Q2 may have been a difficult quarter, but It’s fair to say that none of the three are really struggling.
It’s actually a selling point for the new units that the old units retain value and functionality. That’s another hard-learned lesson that finally sank in with Jobs.
Steve Ballmer said one wise thing in an interview with him I read a couple of days ago: “We don’t talk about quarters!”
I remember accurately, so, yeah.
It is the profit dollars and the cash on hand that will allow Apple to survive the shakeout that typically occurs when an industry is too busy chasing short-term market share over long-term viability.
well, I was married 40 years to the same guy.
I am a widow now, but STILL a musician.
So, I guess that is about as happy an ending one could expect in THIS world, anyway. :-)
One of the most difficult things to do in the entertainment industry — that is what most of the high-rolling businesses are in, after all (professional sports, movies, music, broadcasting including ‘news’, and most consumer electronics) — is predict what the market will want. Success can be a monkeys and typewriters proposition.
A few years back a Sony exec said that BluRay would be the last optical format. This stemmed no doubt from the continuing storage density gains in hard drives and flash drives (including SSDs).
Now what happened?
“will target the development of an optical disc with recording capacity of at least 300GB by the end of 2015.”
This turned into "dictatorship of the most stubborn", where one woman in the group refused to go along with any decision she didn't like. She was eventually fired, but it took a while.
While the concept of “Teamwork” is a good one in business, there also should also be a system where excellence is rewarded and incompetence “corrected”.
It’s Really Cooking Along Great, isn’t It? :-)
Enron did the same thing.
There is always someone like that in every group!

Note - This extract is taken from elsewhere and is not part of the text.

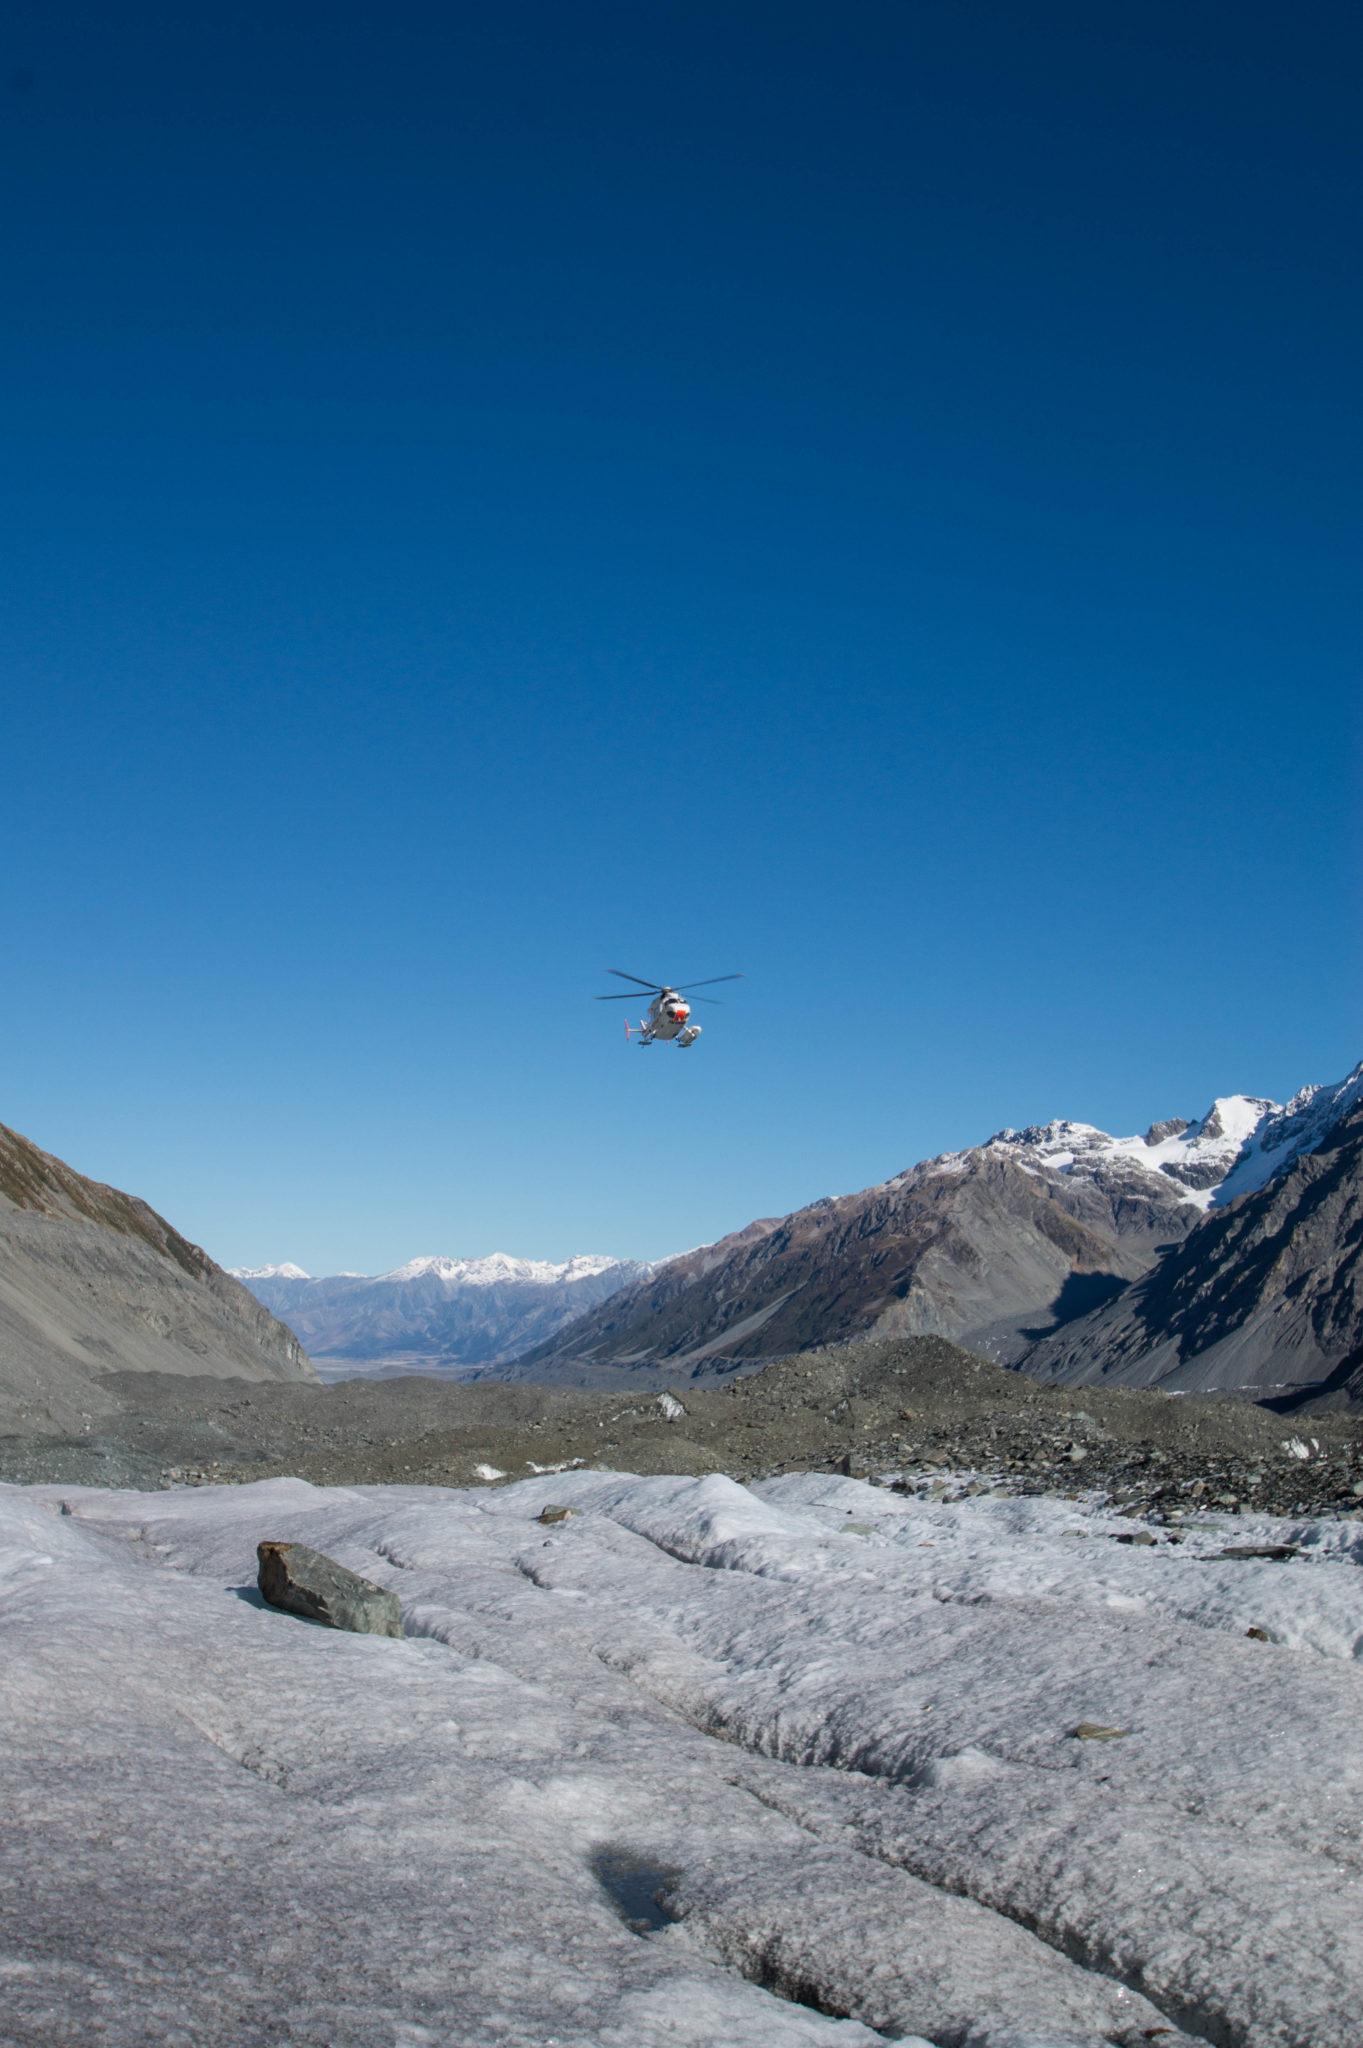 Mount Cook Neuseeland Gletscherwanderung: Anflug auf Mount Cook

If I worked in a cubicle.....that would be *me* throwing paper airplanes...I just know it.
Apple made their products too good, if anything.....People don’t feel the need to upgrade from the Apple products they bought 3 or 4 years ago.

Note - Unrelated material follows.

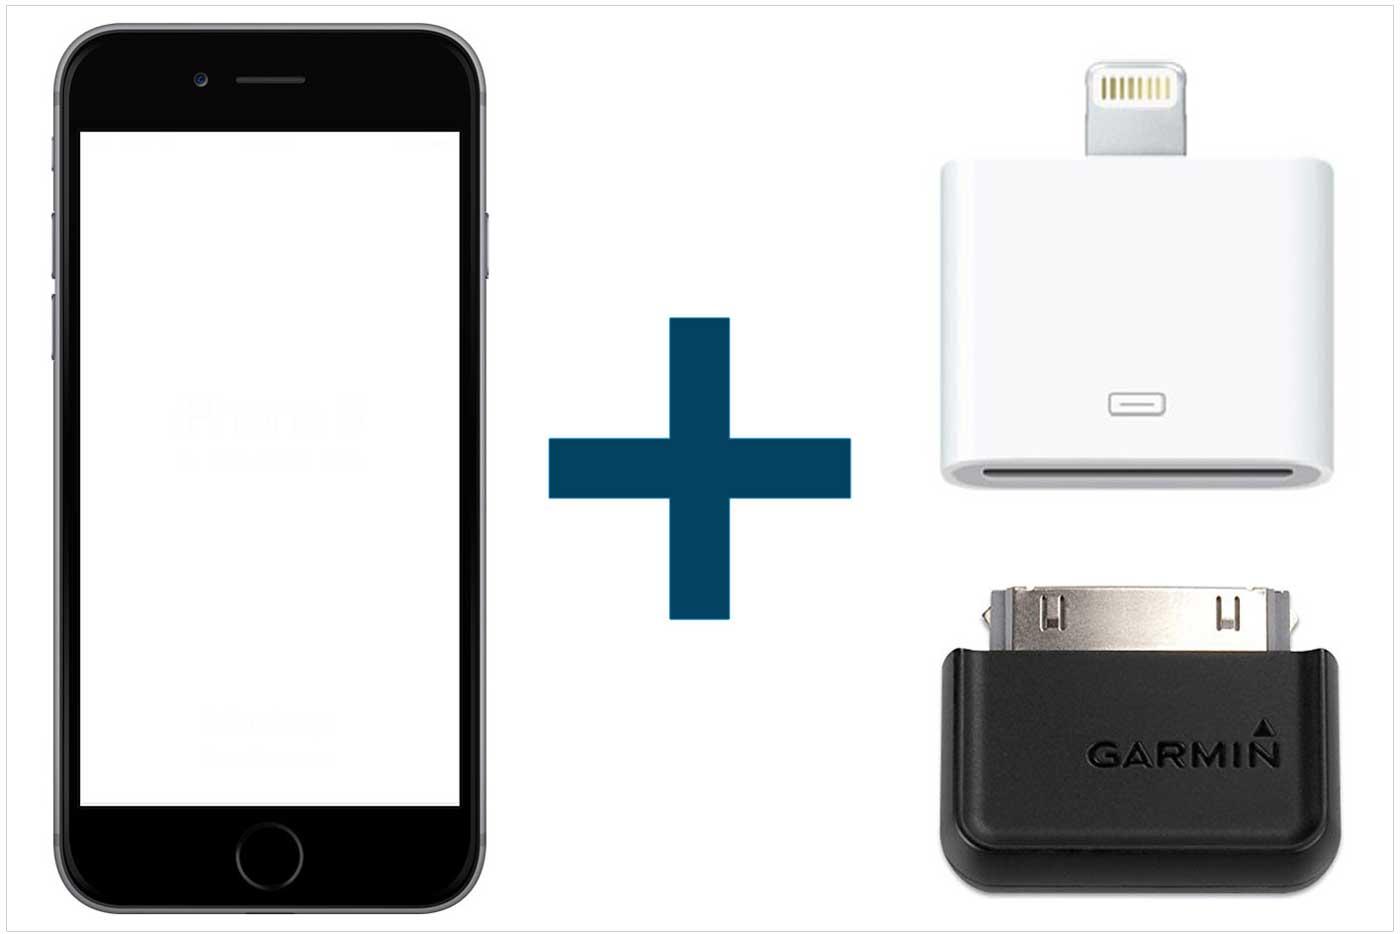 iPhone/iPadをANT+接続する場合

Massachusetts College of Art Class of 1974.
A State College.
That probably explains a LOT! :-)
Look at Sprint as a current example. They were the leaders in 3g/4g cellular when they built a national WiMax network. Unfortunately, the industry eventually settled on LTE and Sprint went from first to last as they are trying to catch up. They are dismantling their WiMax network and scrambling to build LTE.
At least four separate subthreads. :’)
If you tear that image into four equal pieces, I’ll give you a quarter.

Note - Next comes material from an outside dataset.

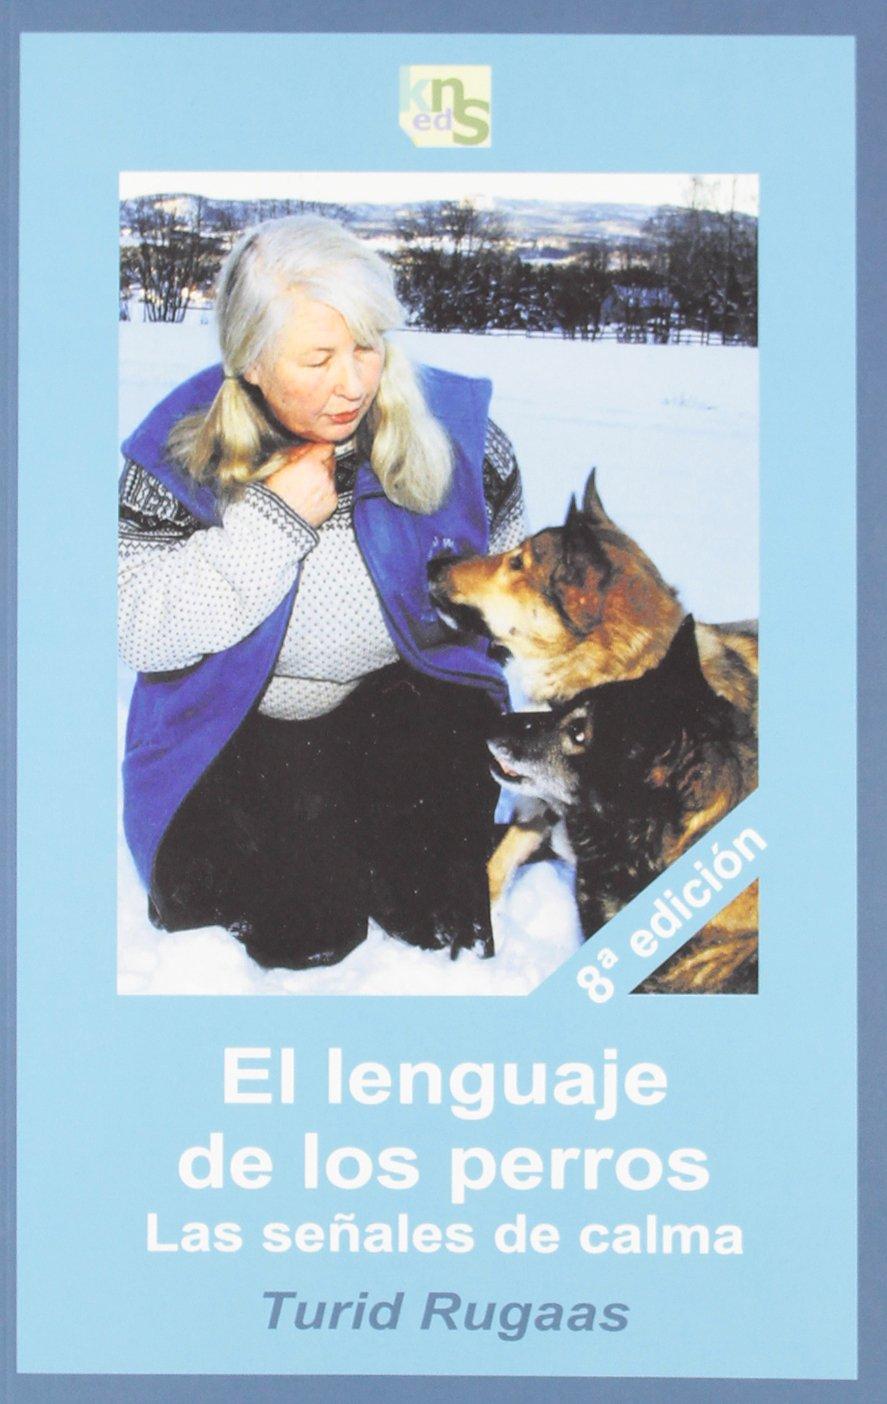 El lenguaje de los perros : las señales de calma

WiMax suffered from that ill-considered lawsuit from Clear, on the stupid litigation ideas list, it probably nudges that $60 million lawsuit their record label brought against the band Boston because the third album took so long.
Also, the WiMax buildout didn’t reach much beyond urban areas, but because it has a long range (perhaps 25 miles line of sight), it was offered in areas which didn’t really have coverage, so someone got sued for that idea. WiMax would work, but the dropouts and resends drastically increase with distance.
Sprint offers LTE where I live here in the Boonies (actually, I’m about three miles past the Boonies, but anyway), and no one else does (yet, and probably won’t until LTE is itself superseded); Costco’s price on it is $67 unlimited data, I’ve definitely been thinking about it.
What is needed is 100% optic line coverage, everywhere; all the TV, phone, and web services would be offered on that; and the network would be the sole delivery channel for all land line biz, and jointly owned. The installation costs would be offset by the copper recovery and recycling value as the old lines are removed from trenches and poles.
A good manager will hire smart and able people, who will naturally gravitate to him. He's not intimidated by people smarter than himself.
A poor manager not only will not, but cannot surround himself with good people. He wouldn't know a good employee if he saw one, would probably find be repulsed by somebody smarter than himself, and good people tend to stay away from fools.